Senior Arit Ntekim is a biology major who also works in Smith’s lab, where she began working on histology, but went on to test how each component of the glue affects its function. Ntekim said her work in Smith’s lab gave her a sense of independence.

“He allows you to try every different venue, and you come up with your own ideas,” she said. “He allows you to think. He allowed us to really take on the research as our own.”

Professors in the biology department usually have about three student researchers on their teams. Other topics of research in the department include “Mechanisms and pathways of cholesterol transport inside cells” and a South Hill animal census.

Smith said student researchers are given other opportunities in addition to hands-on work in the labs.

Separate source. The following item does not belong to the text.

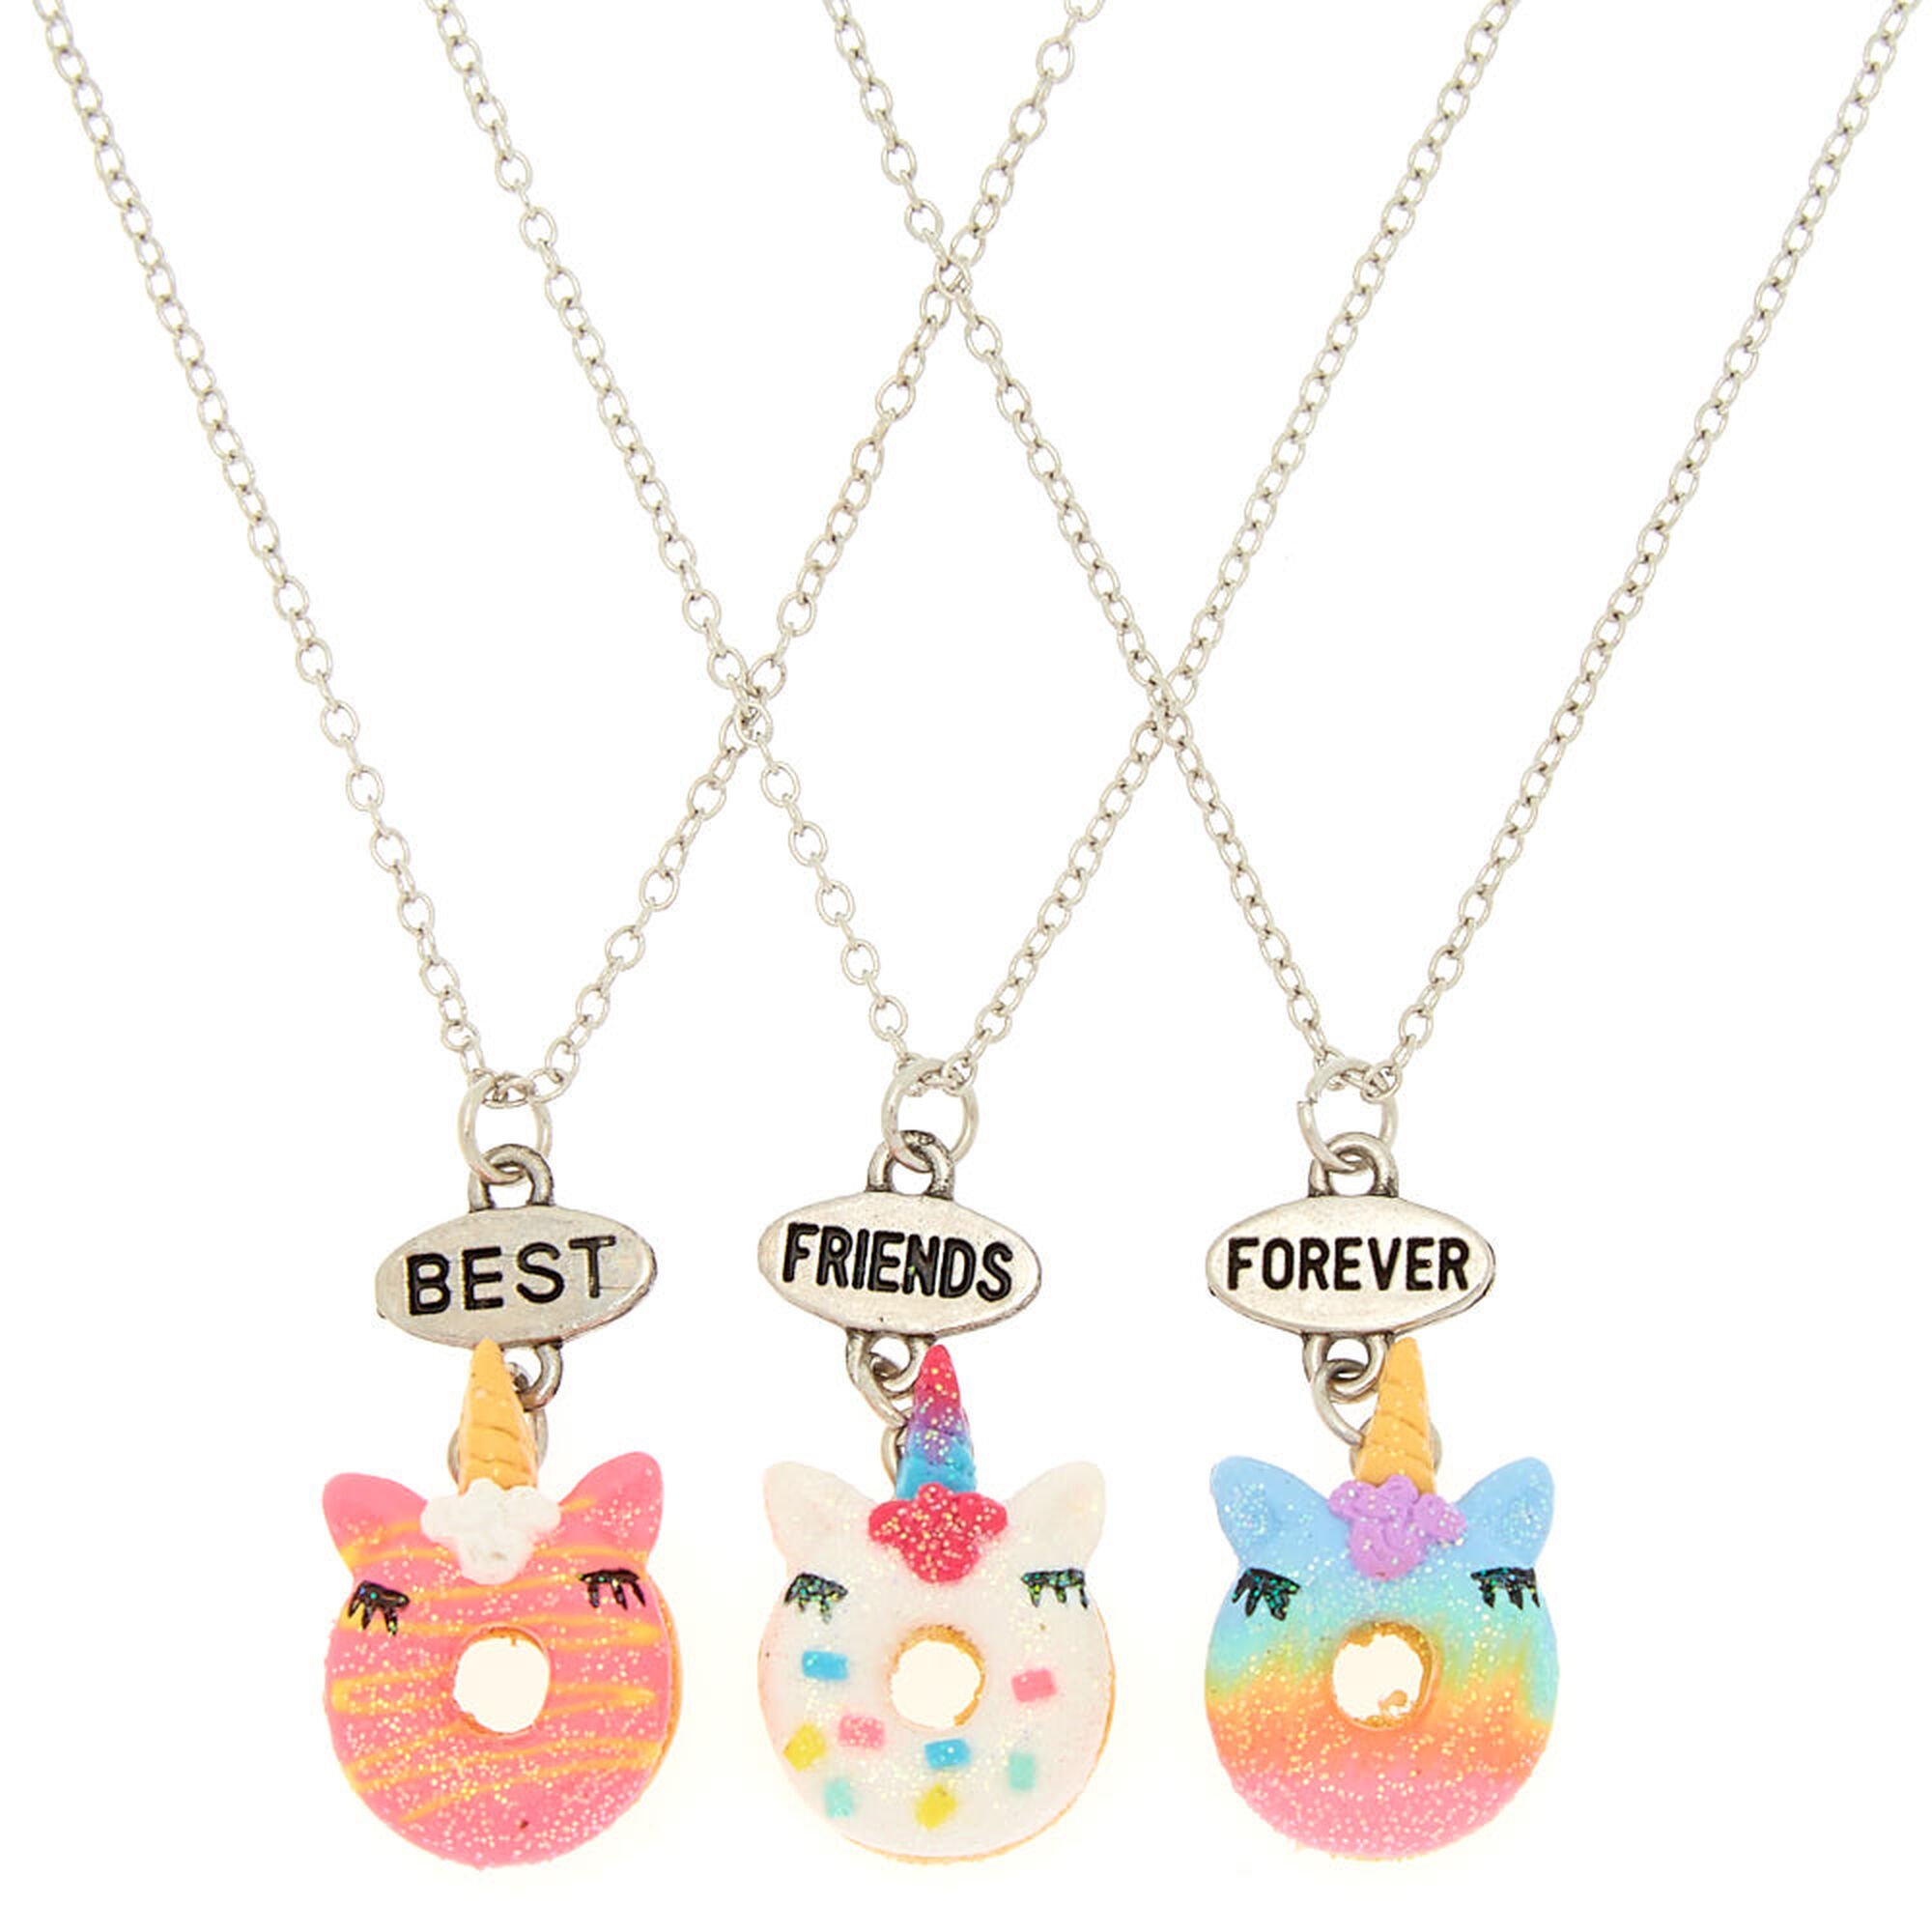 View Claires Best Friends Unicorn Donut Necklaces 3 Pack Silver information
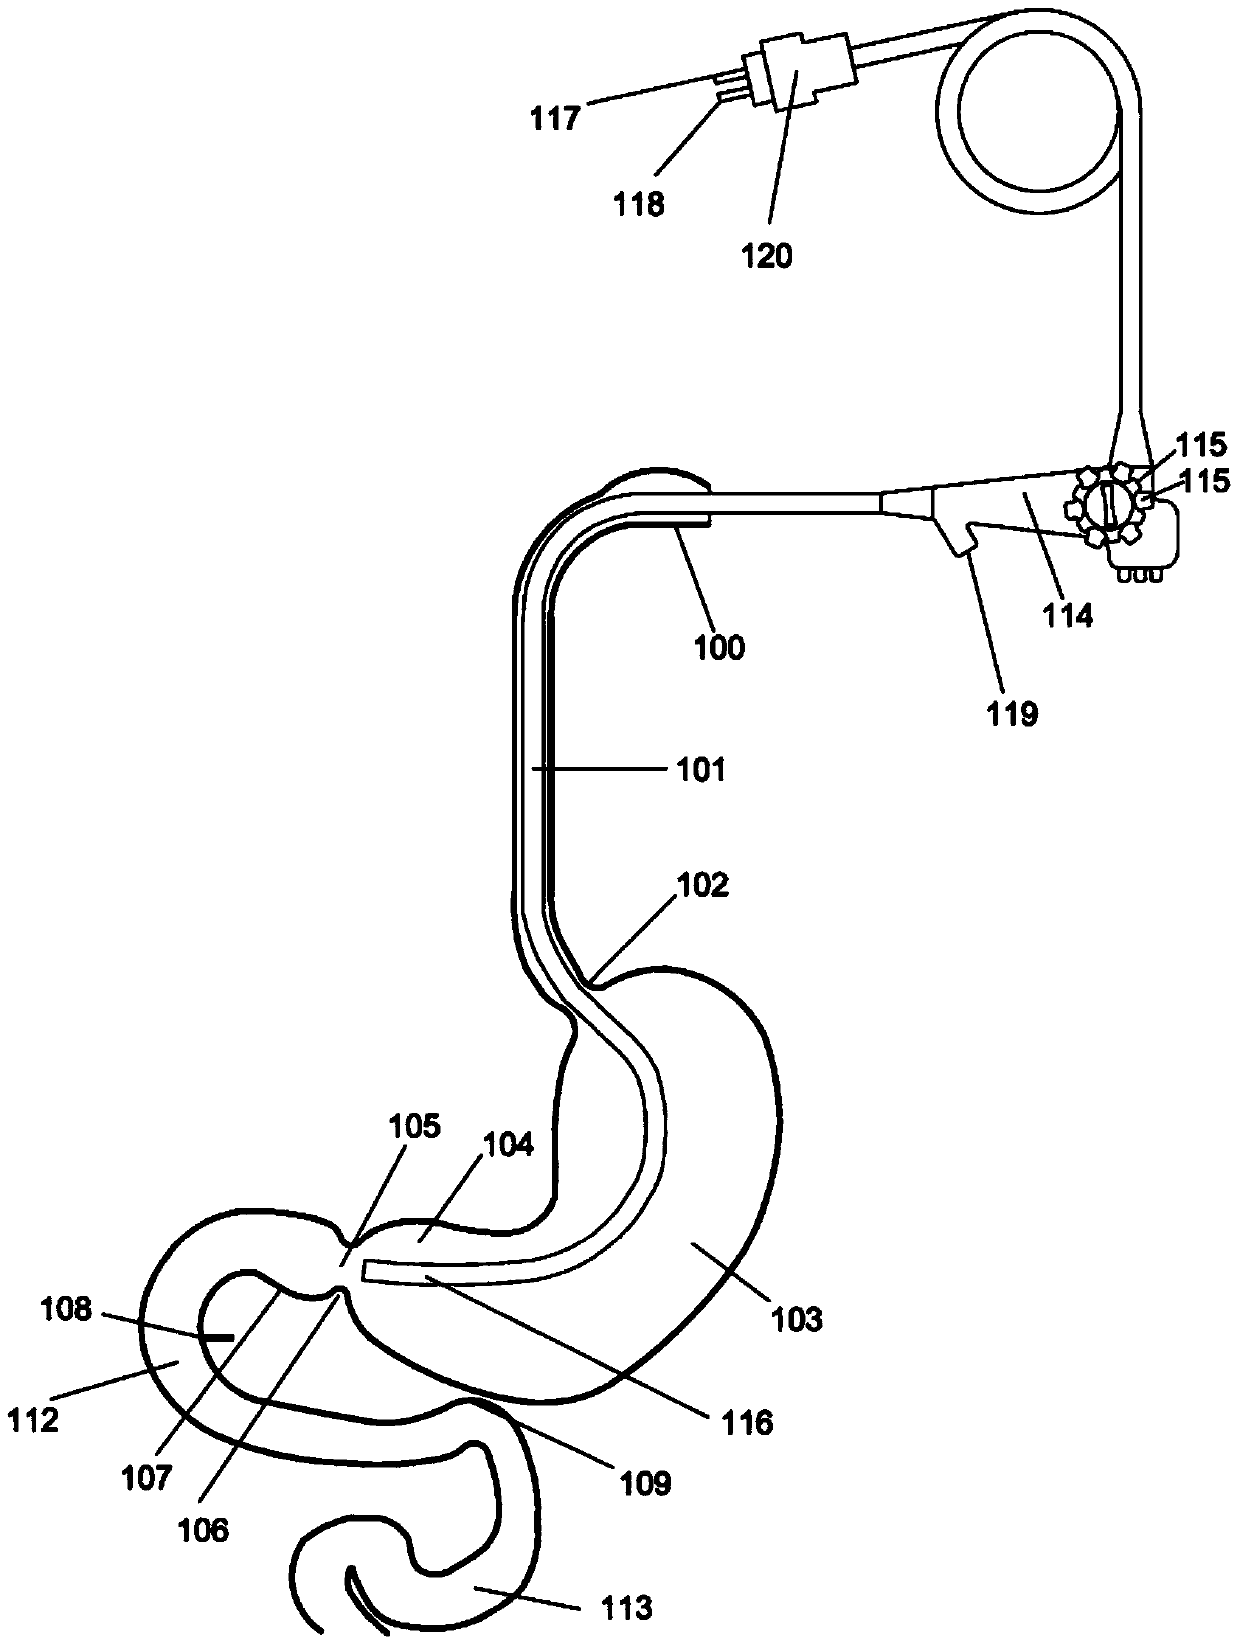 Anchors and methods for intestinal bypass sleeves

“Many science professors at IC take interested students to professional conferences where the students can present their work to the scientific community,” Smith said. “Many students also co-author papers with faculty members. In fact, over the past five years, 20 percent of our graduates have co-authored papers in international science journals — often highly prestigious journals.”

Smith said he is the only scientist in the world who is publishing research on the structure and function of slug and snail adhesives. He said if the research team successfully synthesizes the glue, the product would have to pass tests and trials before it enters the market.

“That’s the dream,” he said. “[But] I don’t know how close we are to the dream.”